One of my earliest recollections is the sawdust dancing in the basement air as I stood on my grandfather’s workbench. Together, using materials which would now be called recycled, we constructed a rambling bird-house. Since that time I’ve never lost interest inbuilding things.
School and I didn’t take – though the pencil and I got on famously! I spent many hours drawing cartoons in class but it was not on the catholic school curriculum and the nuns were not amused. So I learned to sneak my drawings out to pals at recess. Later on, in high school, I wandered into the ceramics lab and basically stayed there for the next four years.
After that, my unconventional approach for furthering my education was to never enroll in classes – just crash the ones I liked and do the assignments I choose. A timely bribe to the night janitors at three successive community colleges gave me 24-7 access to the art studios. I didn’t care about grades or degrees and never received either. My focus was ceramics but other materials started to creep in and then the clay gradually disappeared.
The mechanical madness that took root in grandpa’s basement continues to push me in new directions with diverse influences guiding the aesthetic. I draw on everything from Marx Brothers to Marks Toys, from Calder to Keaton and from Rube Goldberg to Andy Goldsworthy. These days, among my kinetic water fountains, enormous insects on buildings and confounding contraptions sits Stumble Bones -- the slap-stick star of my graphic book.

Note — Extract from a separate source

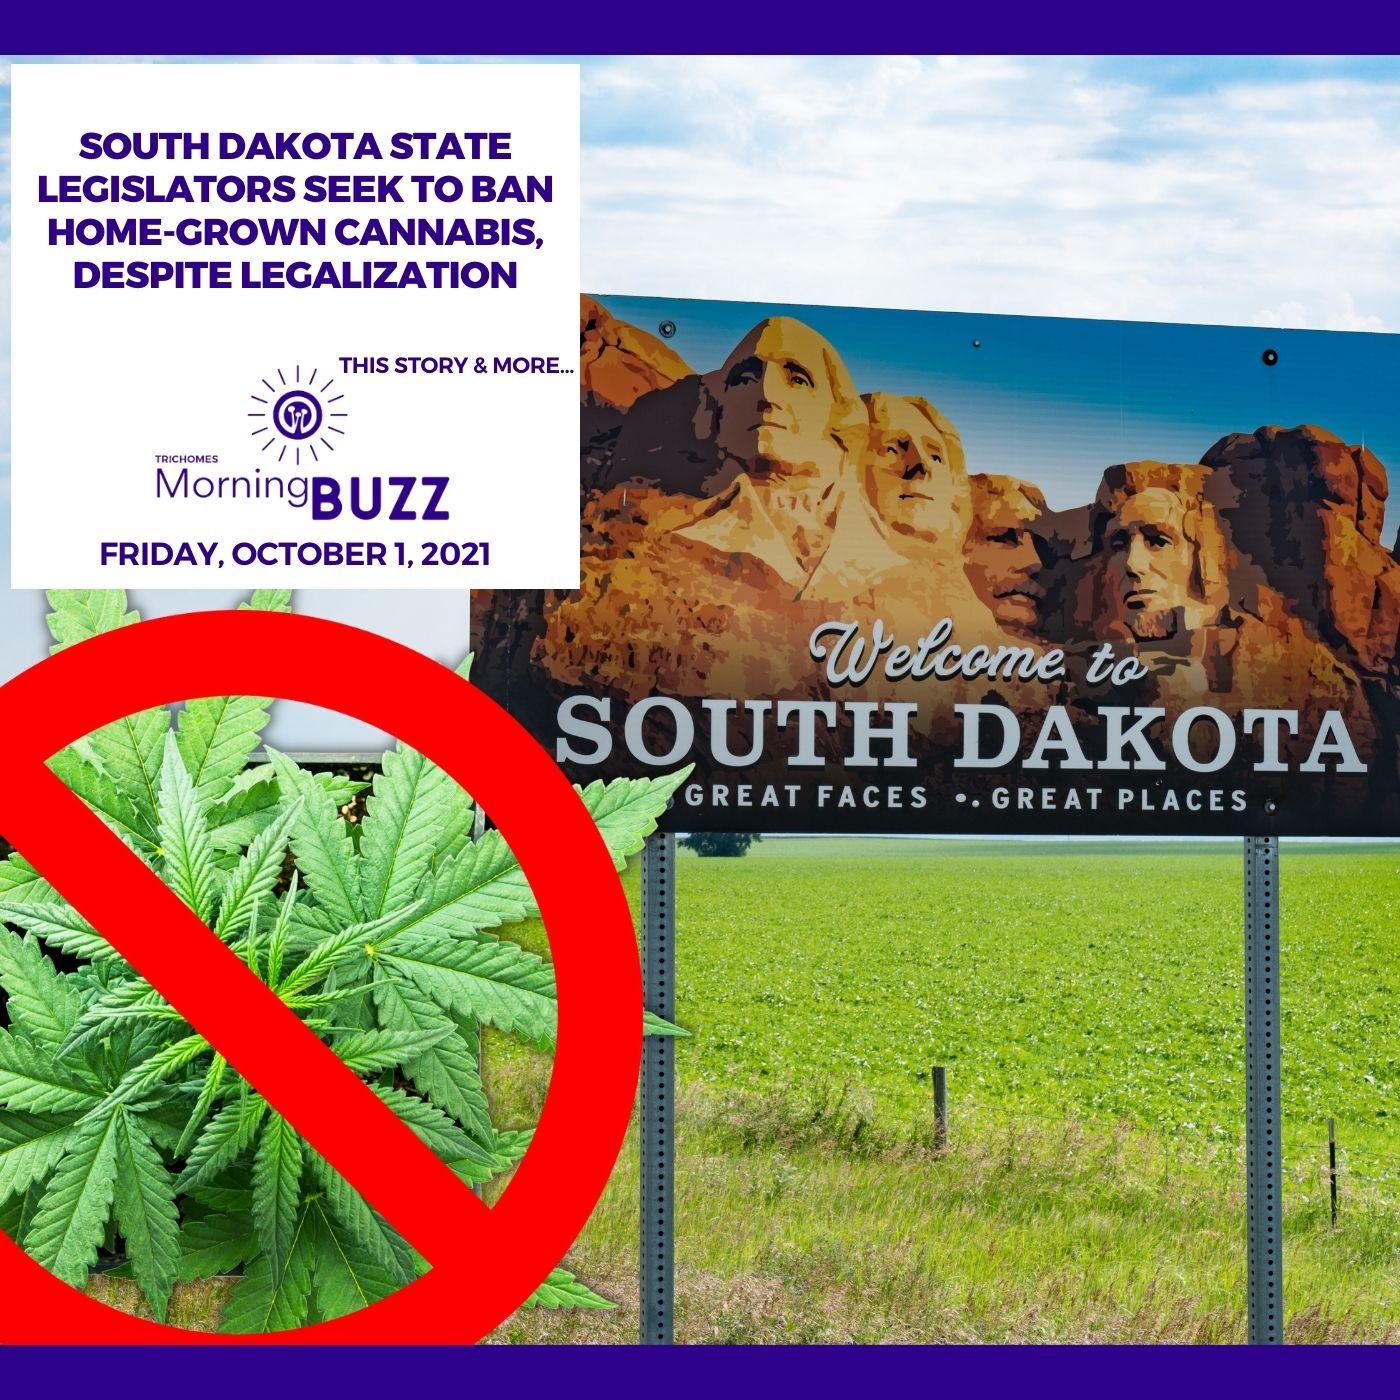 South Dakota State Legislators Seek To Ban Home-Grown Cannabis, Despite Legalization show art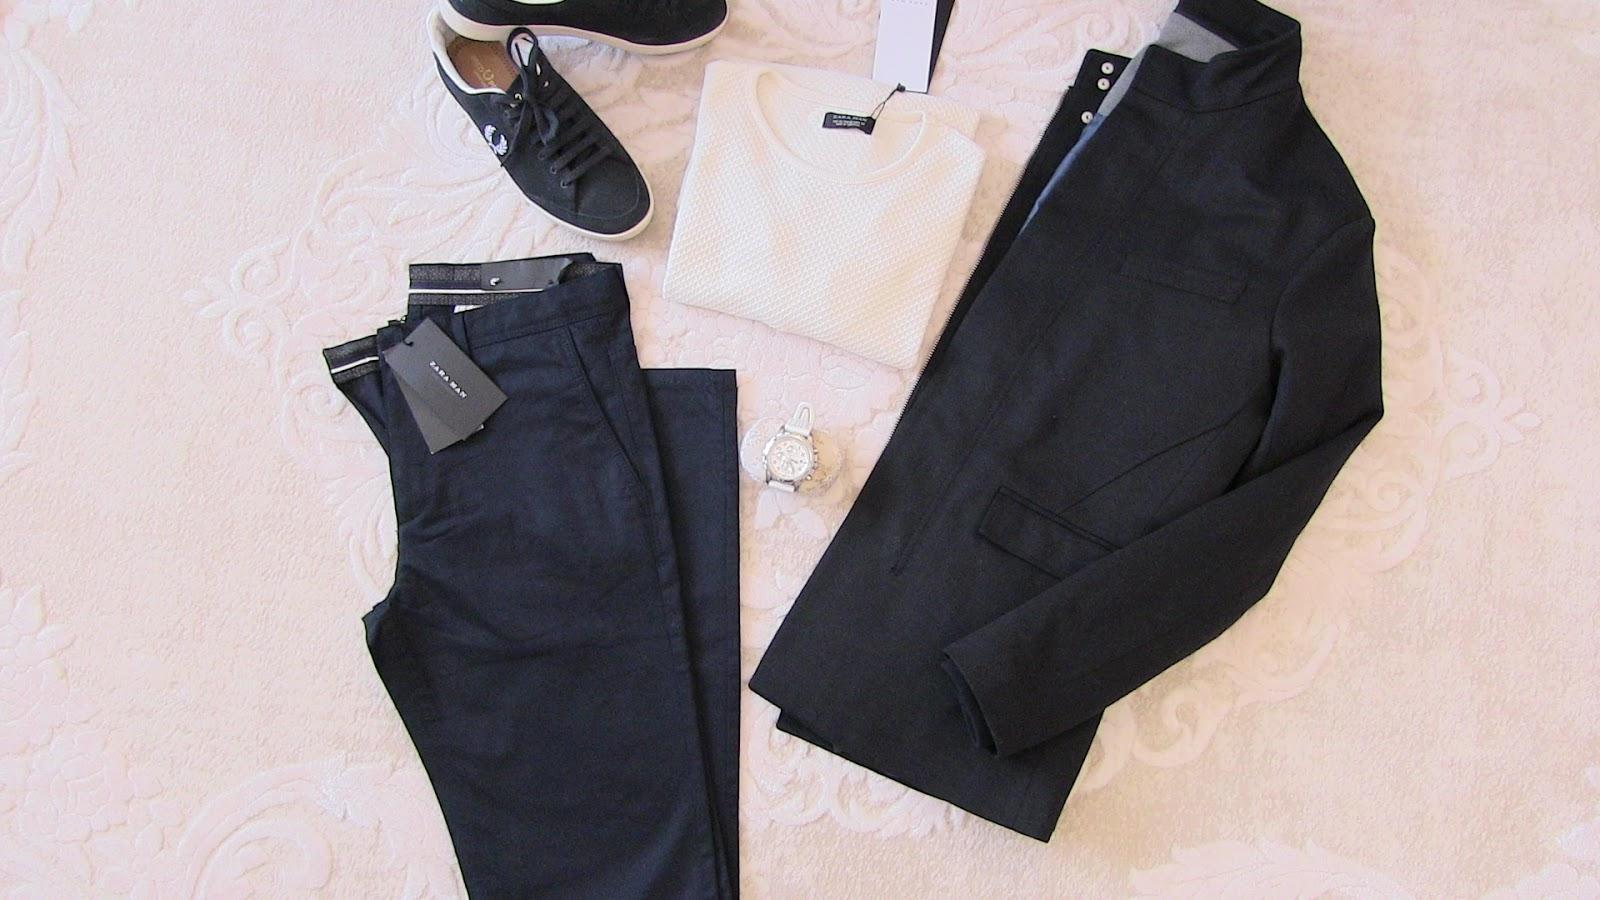 zara lacivert pantolon, zara kapşonlu lacivert mont, zara beyaz ince triko, fred perry ayakkabı

Stumble heads out to meet the world in May 2015. He’ll shake your hand from the pages of his book “Stumble Bones: Da Funny Pages.”
Here in Bisbee, AZ, my home for 14 years, I opened SamPoe Gallery with my wife in 2008 and co-founded Bisbee’s annual artist’s soap box derby: Bisbee Rolling Arts Transport Society, aka BRATS. I love building coasters from scratch and you can see some of them on display around town.